Услышали про стеклянные корчаги, рыба в них будто бы лезет по-сумасшедшему. В детстве-то малявок бутылками ловили, а бутылка, по существу, стеклянная корчага в миниатюре, — бредилось нам. Загорелись идеей и стали осаждать просьбами знакомого столяра Телёнкова, большого мастера в своём деле. Он был дружен с нашей семьёй, не раз ел рыбные пироги материного изготовления, а потому согласился и соорудил из дерева и стекла невиданное сооружение, похожее на большой аквариум и отчасти на гроб. Однако зря были загроблены стёкла и силы: диковинное устройство не оправдало наших надежд.

Выручала, можно сказать, кормила нас одна-единственная корчага. Она имела свою историю. Однажды Гоша вытаскивал закидушку, но подавалось туго, что-то тяжёлое тащилось.

— Налим, должно быть, здоровенный попался, — смеялся брат. — Тяжёлый, как полкуля картошки, и ленивый, как старый кот, ни разу, ядрёна палка, не дернулся!

И вместо налима вытащил затонувшую корчагу, принесённую откуда-то сверху: камней мы на ней не обнаружили, вывалились, по-видимому, из верёвочных петель.

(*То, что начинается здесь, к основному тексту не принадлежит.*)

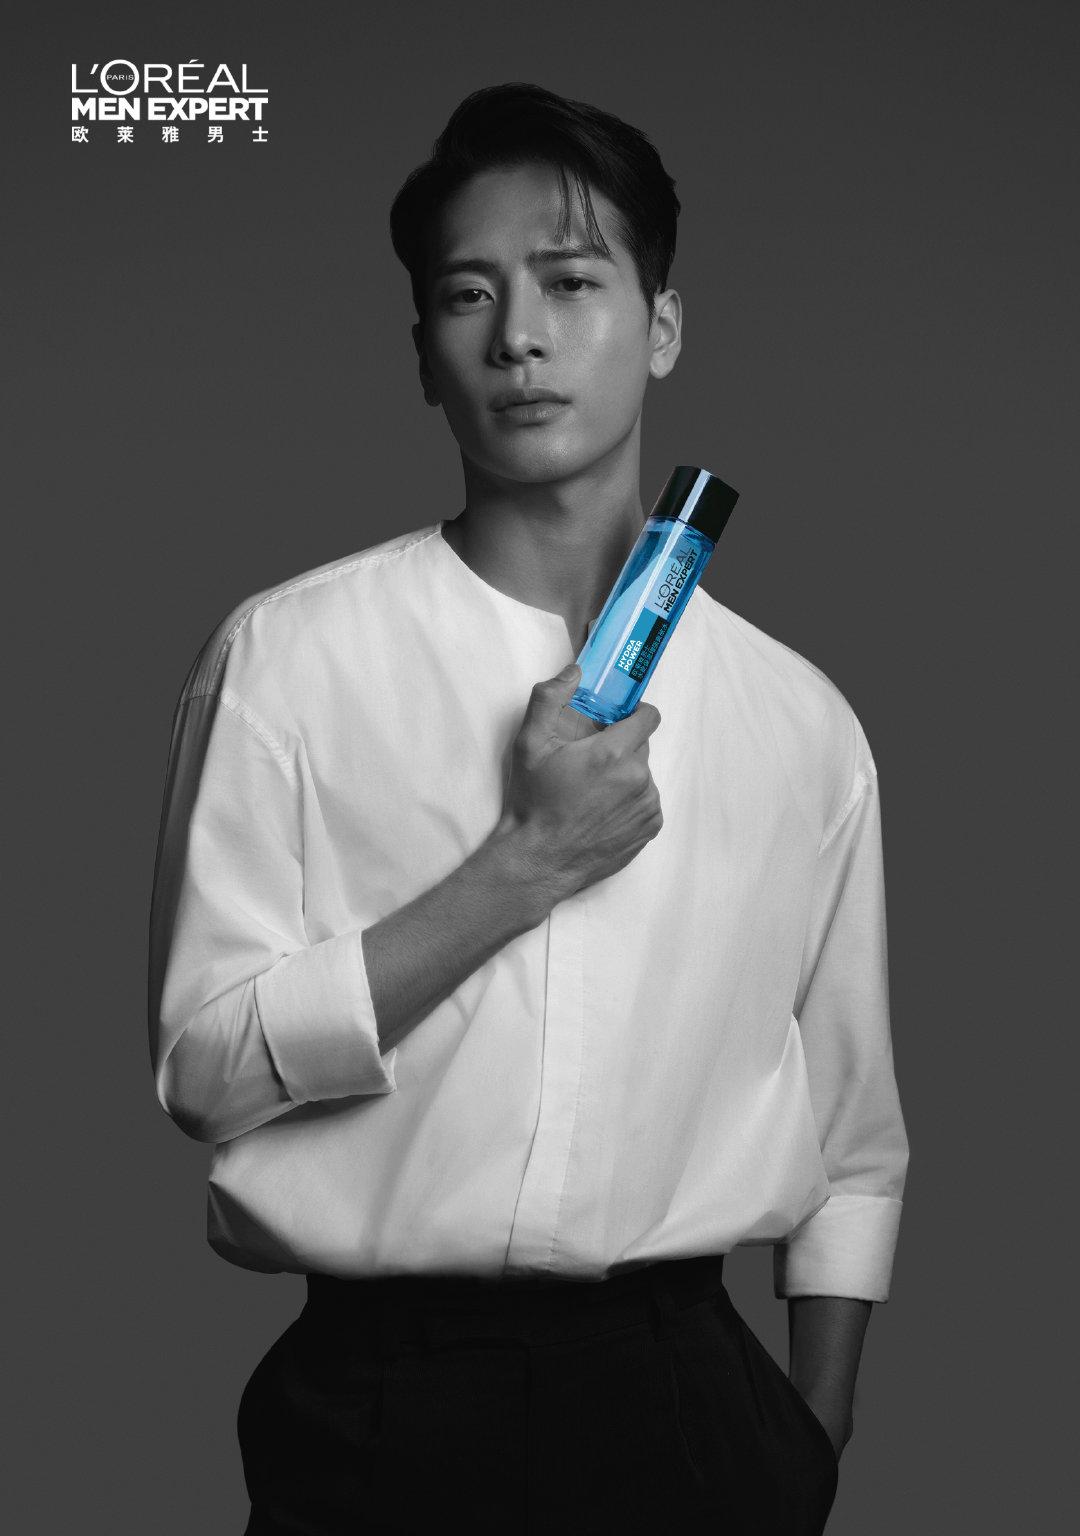 Jackson din GOT7 devine ambasador global pentru firma L'Oréal!   K ...

Она была крупнее наших, сплетена, как видно, мастером, плотная, крепкая, аккуратная.

Опробовали и оценили трофей, конечно, не сразу, не в первый день. Привезли домой и забросили, как водится, на вышку, не подозревая, какое счастье нам привалило. Для сравнения годился разве что волшебный горшок из сказки, горшок с кашей: сколько ни ешь — не убывает.

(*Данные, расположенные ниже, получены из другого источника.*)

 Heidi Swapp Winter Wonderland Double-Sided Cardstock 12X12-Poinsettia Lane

Рыбы в этот подарок Водяного, хозяина Лены, как мы шутя окрестили чудодейственную находку, неизменно набивалось не менее, чем в пять наших уродин, вместе взятых. Знал, определённо знал секрет рыболовного искусства безвестный творец удивительный корчажки. Мама, помнится, не раз, довольная верными уловами, бормотала о заговоренности благоприобретенной ловушки.

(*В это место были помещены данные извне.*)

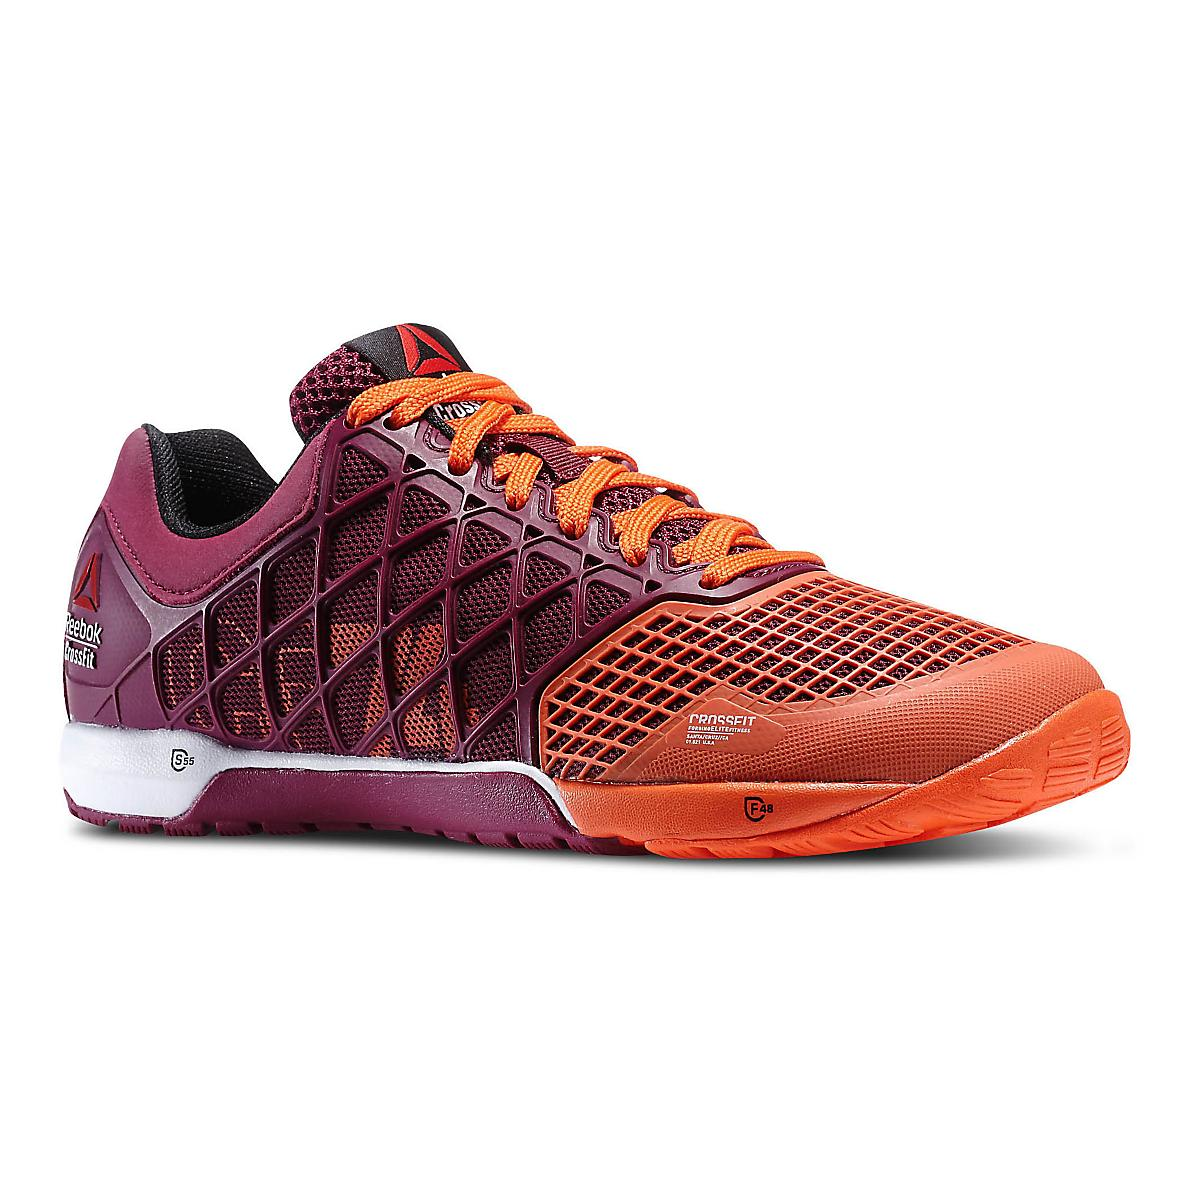 c5c5dde12cde25 Womens Reebok CrossFit Nano 4.0 Cross Training Shoe at Road Runner Sports

В корчагу, поставленную в реке, лезет исключительно плотва. Помню, правда, случай, когда мы обнаружили в ловушке аршинного налима. Он заметил, надо полагать, рыбу, хотел обворовать нас, забрался внутрь, слопал ельцов и сам попал в уху. А однажды щука вознамерилась пробраться в корчагу, но горлышко оказалось узковато для неё, и она прочно застряла, так, что хвост торчит наружу, а голова внутри! Надо себе представить, какого страха натерпелись бедные ельчики, в течение многих часов наблюдавшие в непосредственной близости кровожадную щучью пасть!..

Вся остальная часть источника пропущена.